Hasta que llegó el día en que debí calzar las espuelas de oro que Alejandro de Médicis, duque de Florencia, me había ceñido cuando Carlos Quinto me armó caballero. Revestí la coraza de plata —que era en verdad sólo un peto con la figura de una osa nielada, venciendo a dragones y grifos, pues la parte del espaldar era de cuero y, ajustada a mi joroba, desaparecía bajo la amplia capa verde— y monté en un alazán brioso cuya gualdrapa reproducía la de mi antecesor Francisco Orsini de Monterotondo, en el fresco medieval de Siena. Para honrarme, el gran Valerio Orsini me seguía, exponiendo sobre un cojín escarlata mi casco ornado heráldicamente de rosas y sierpes de oro. Lo exigían la tradición bélica de los nuestros y el prestigio de Bomarzo, tan diferentes de mis propias inclinaciones. Leonardo Emo y Juan Bautista Martelli, delicados como dibujos de Botticelli, llevaban de la brida nuestras cabalgaduras, y más de uno habrá sonreído al observar cómo se asociaban los donceles a una ceremonia que hubiera debido poner fin a su voluptuoso reinado. De ese modo fui a aguardar a Julia, en las tiendas alzadas cerca de Orte. Empinábase en el cortejo un bosquecillo de alabardas y de partesanas, coronadas por hierros de fantástica geometría. Al movernos, dijérase que la brisa jugaba con su metálica arboleda, sacudía ramas y frutos. Mis abuelos, los cardenales, los duques, las damas y el resto de los convidados, esperarían en el castillo. Campesinos y pastores nos saludaban doquier, a la vera de los caminos, en los recodos, en los altozanos, agitando guirnaldas.
Ha corrido desde esa mañana tanto tiempo… y sin embargo respiro ahora como entonces el perfume de los rosales del jardín que atravesamos, oigo el monólogo de los surtidores, y si fuera pintor recuperaría el exacto colorido de las rocas que surgían a nuestro paso, como monstruos quietos, y que me preocuparon desmesuradamente después. Fue un mes de junio con noches estrelladas y tibias, y tardes en que el calor narcotizaba a los pájaros y en que sólo las mariposas parecían vivir en la vibración solar de las siestas inmóviles. Las mariposas nos escoltaron hasta el campamento, sucediéndose, relevándose, amarillas, rojas, blancas, azules, aleteando entre los lanzones, posándose sobre los yelmos, tiritando un segundo sobre las orejas enhiestas de los caballos. Juan Bautista cazó una al vuelo, volvió la cabeza y me la mostró. Messer Pandolfo, que veneraba las solemnidades rituales y que, viejo, achacoso, por nada hubiera dejado su sitio a la vera del alumno ducal, lo fulminó con los ojos hinchados de orzuelos. El muchacho abrió la mano en la que quedó un áureo polvillo y la dejó escapar hacia la nube alada que nos rodeaba como un tembloroso arco iris.
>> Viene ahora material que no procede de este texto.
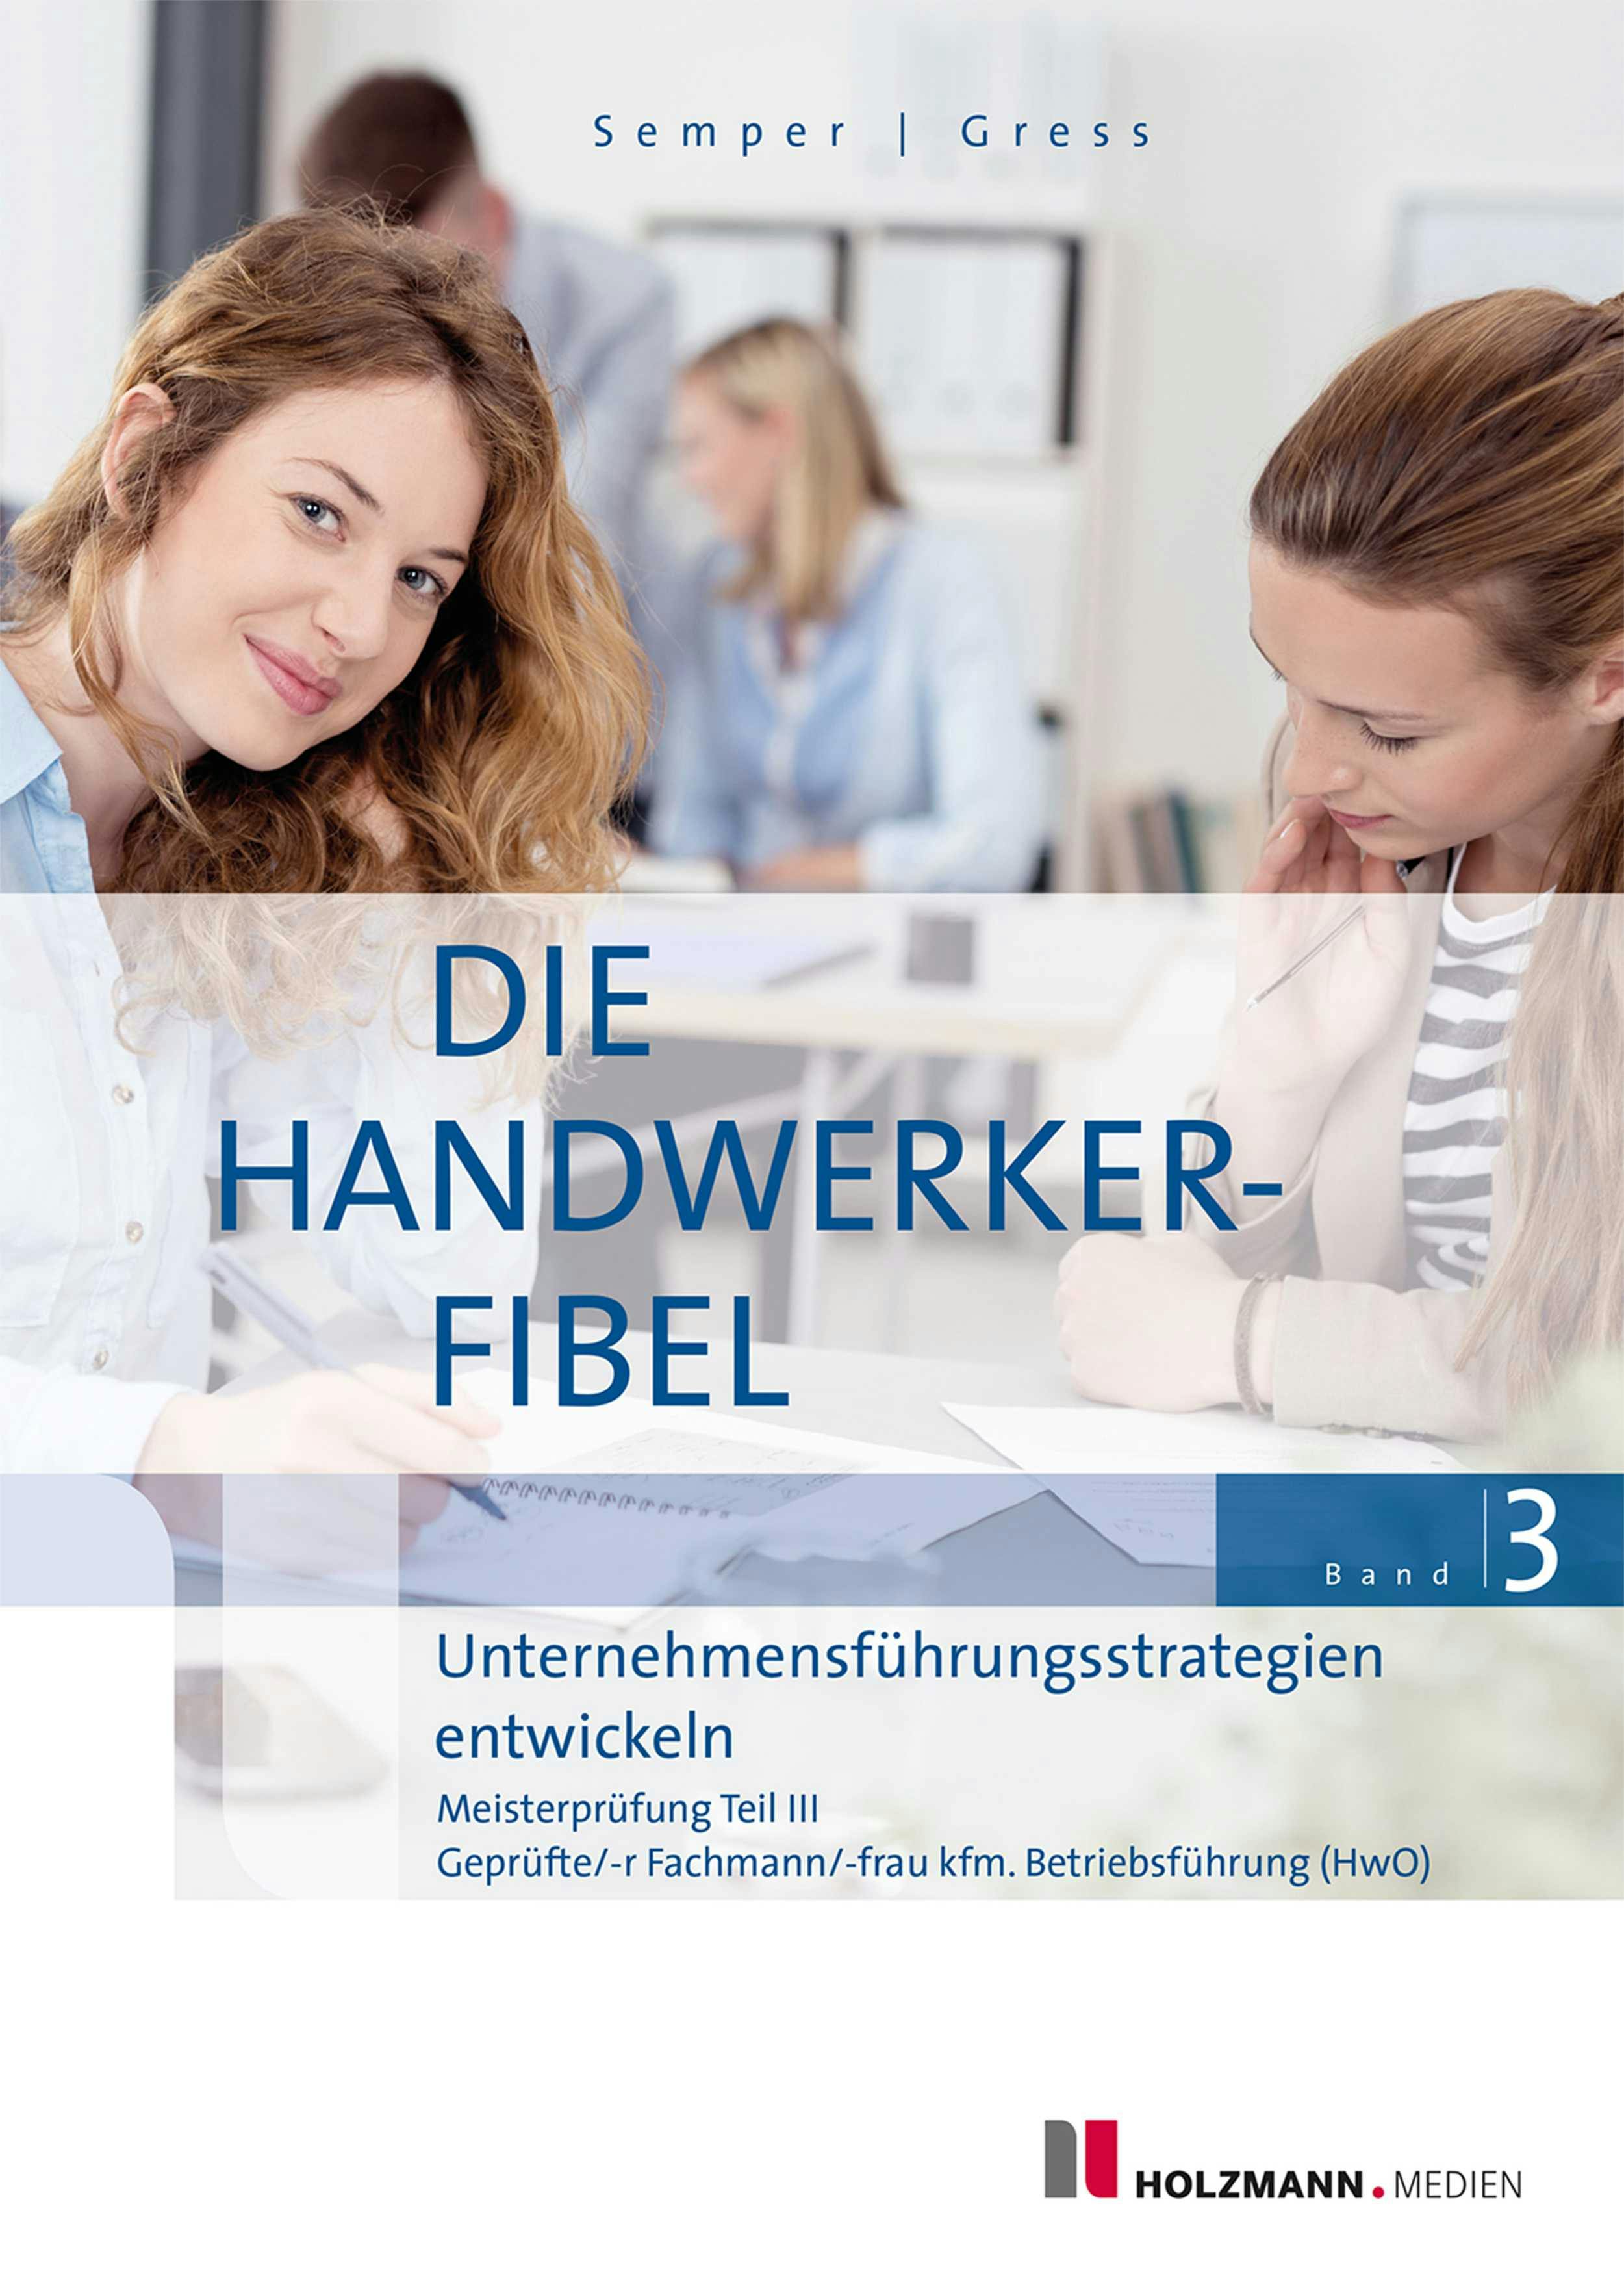 E-Book "Die Handwerker-Fibel" - Bernhard Gress, Dr. Lothar Semper

Cuando sus damas recogieron los paños de la tienda en la que mi prometida había reposado durante varias horas, y Julia, vestida ya para las ceremonias de Bomarzo, surgió en el encuadramiento de los alzados tapices como dentro de una hornacina, creí desfallecer de emoción, porque su gracia sobrepujaba cuanto me atreví a esperar. Era menuda y sin embargo su porte la hacía parecer alta; muy delgada, muy fina, como un trabajo de orfebre, tan delicada que la ampulosidad de la moda no conseguía disfrazar la sensación de levedad que de ella trascendía y que, con los anchos ojos violetas, de un tono casi igual a los de Adriana dalla Roza, constituía el rasgo saliente de su hechizo. Había trenzado en las ondas de su cabello castaño, ciñendo su cabeza pequeña y perfecta, sobre el largo cuello flexible, a la Ghirlandaio, las perlas de los Farnese-Monaldeschi, que descendían también sobre su seno blanquísimo, delineado con el dibujo de las sartas y el balanceado cairel de las vueltas ovaladas, la exquisitez de esos pechos breves que poblaban mis sueños —a veces solos, como los que las santas mártires presentan en bandejas, a modo de frutas—, las perlas que luego se esparcían por las mangas y las faldas, poniendo en aquellas sinuosidades bermejas un pálido titilar, de suerte que se diría que no eran unos añadidos espléndidos, sino algo propio, suyo, que difundía una luz fría y misteriosa. A su lado, su padre, sus hermanos, sus hermanas, su tía Beatriz Baglioni, irradiaban también de satisfacción, de orgullo. Le besé la punta de los dedos, la ayudé a subir a la carroza, y el cortejo partió hacia Bomarzo.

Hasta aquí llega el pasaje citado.